# Dataset section:
--------------------------------------------------

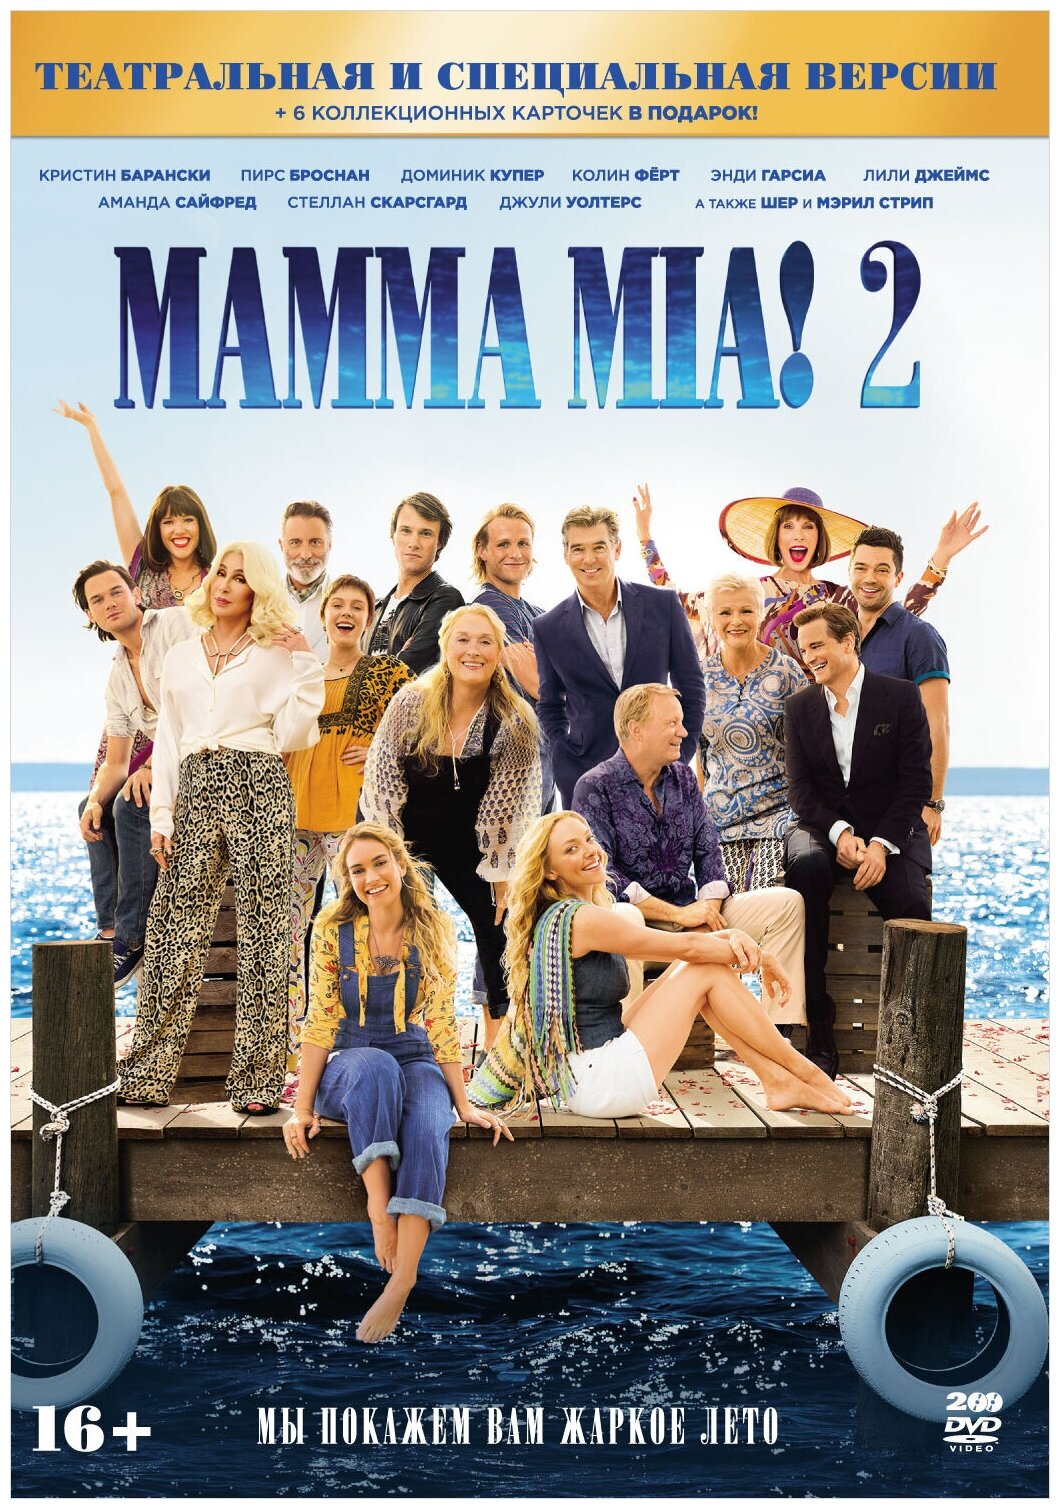 MAMMA MIA! 2: Специальное издание (2 DVD)
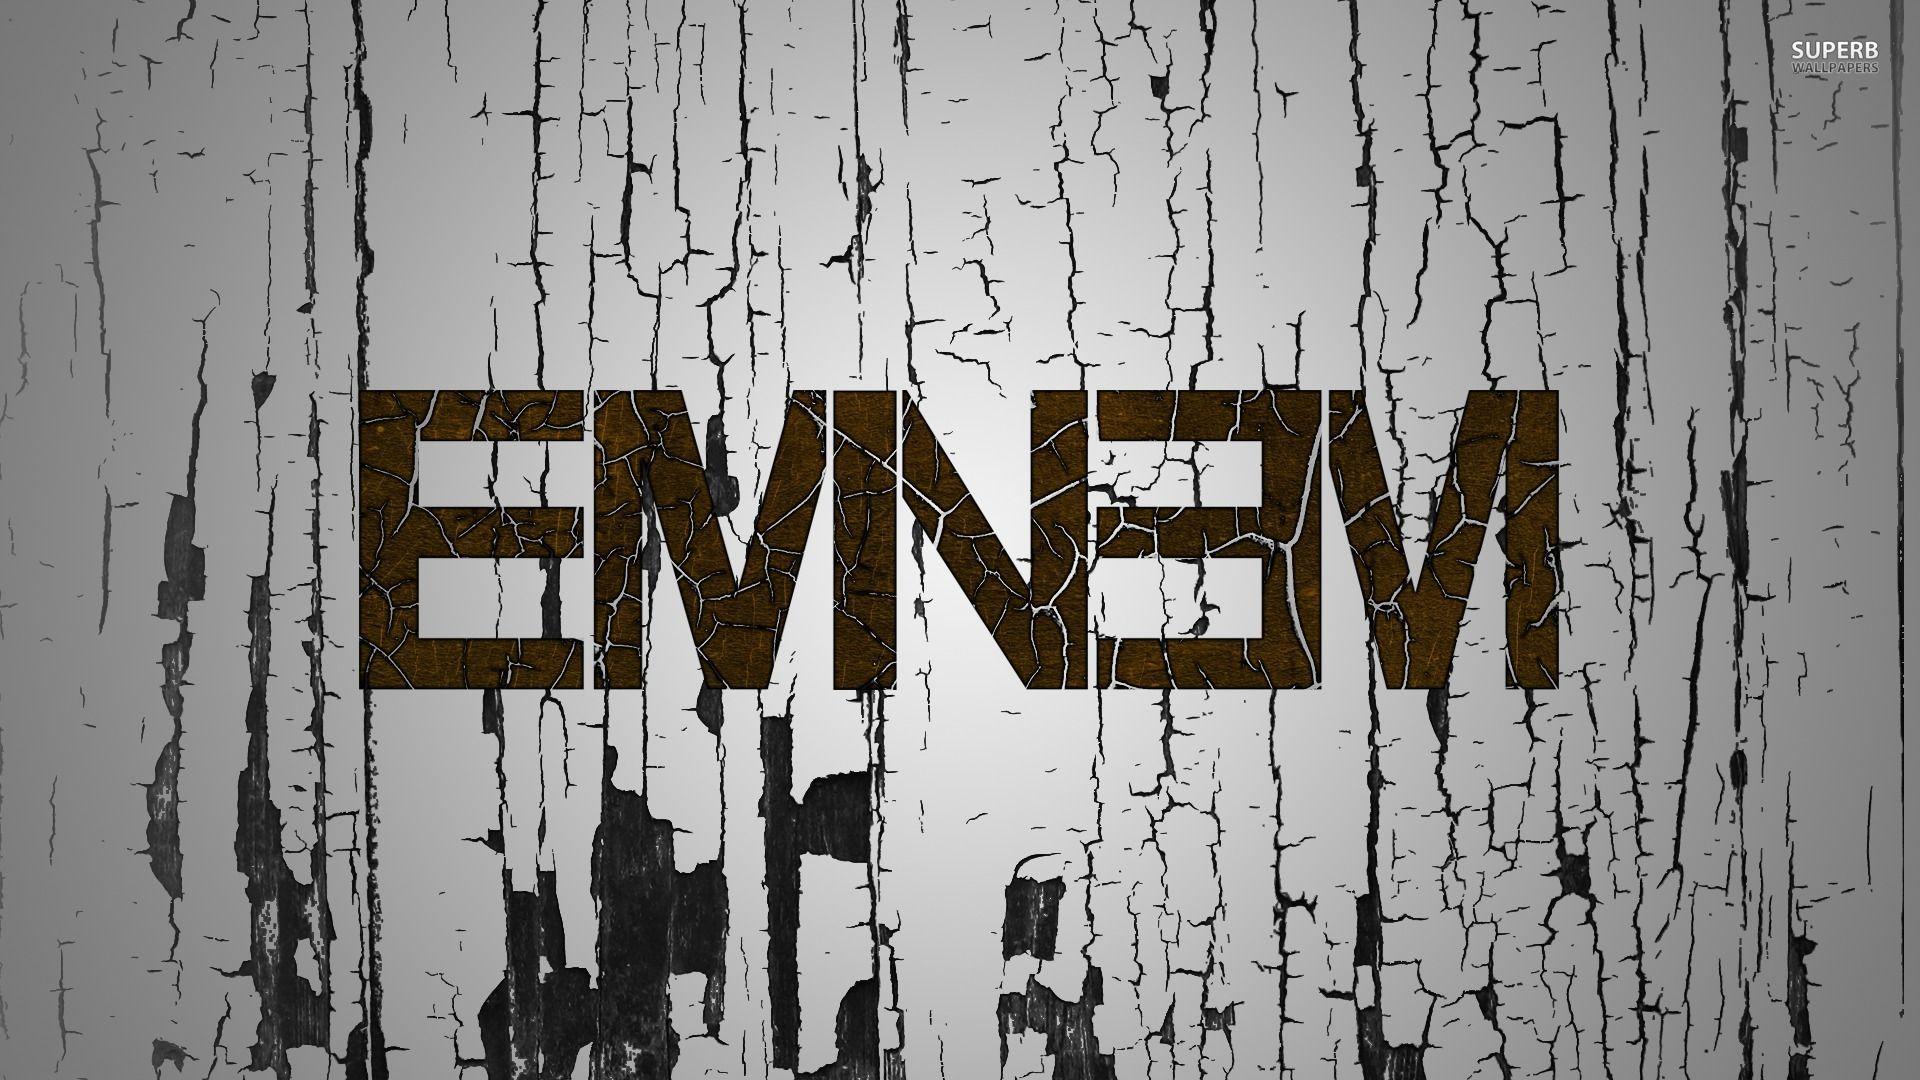 eminem new logo
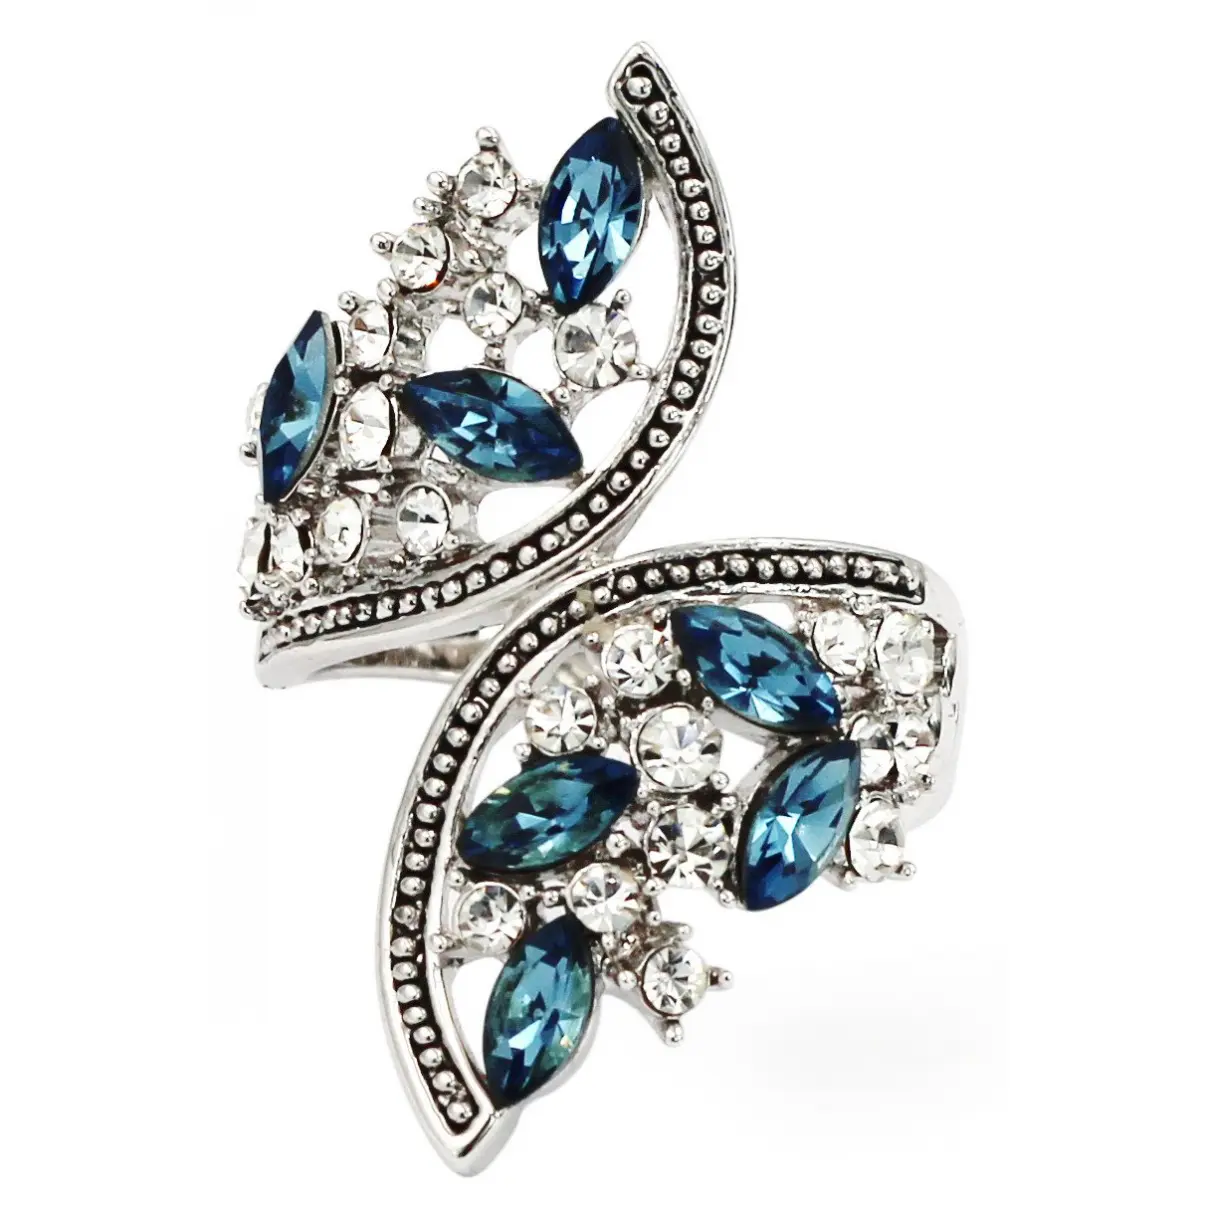 Buy Ocean fashion Crystal ring online

--------------------------------------------------

With the pictures removed, repeat the listing above exactly as it stands.

 MAMMA MIA! 2: Специальное издание (2 DVD)
 eminem new logo
 Buy Ocean fashion Crystal ring online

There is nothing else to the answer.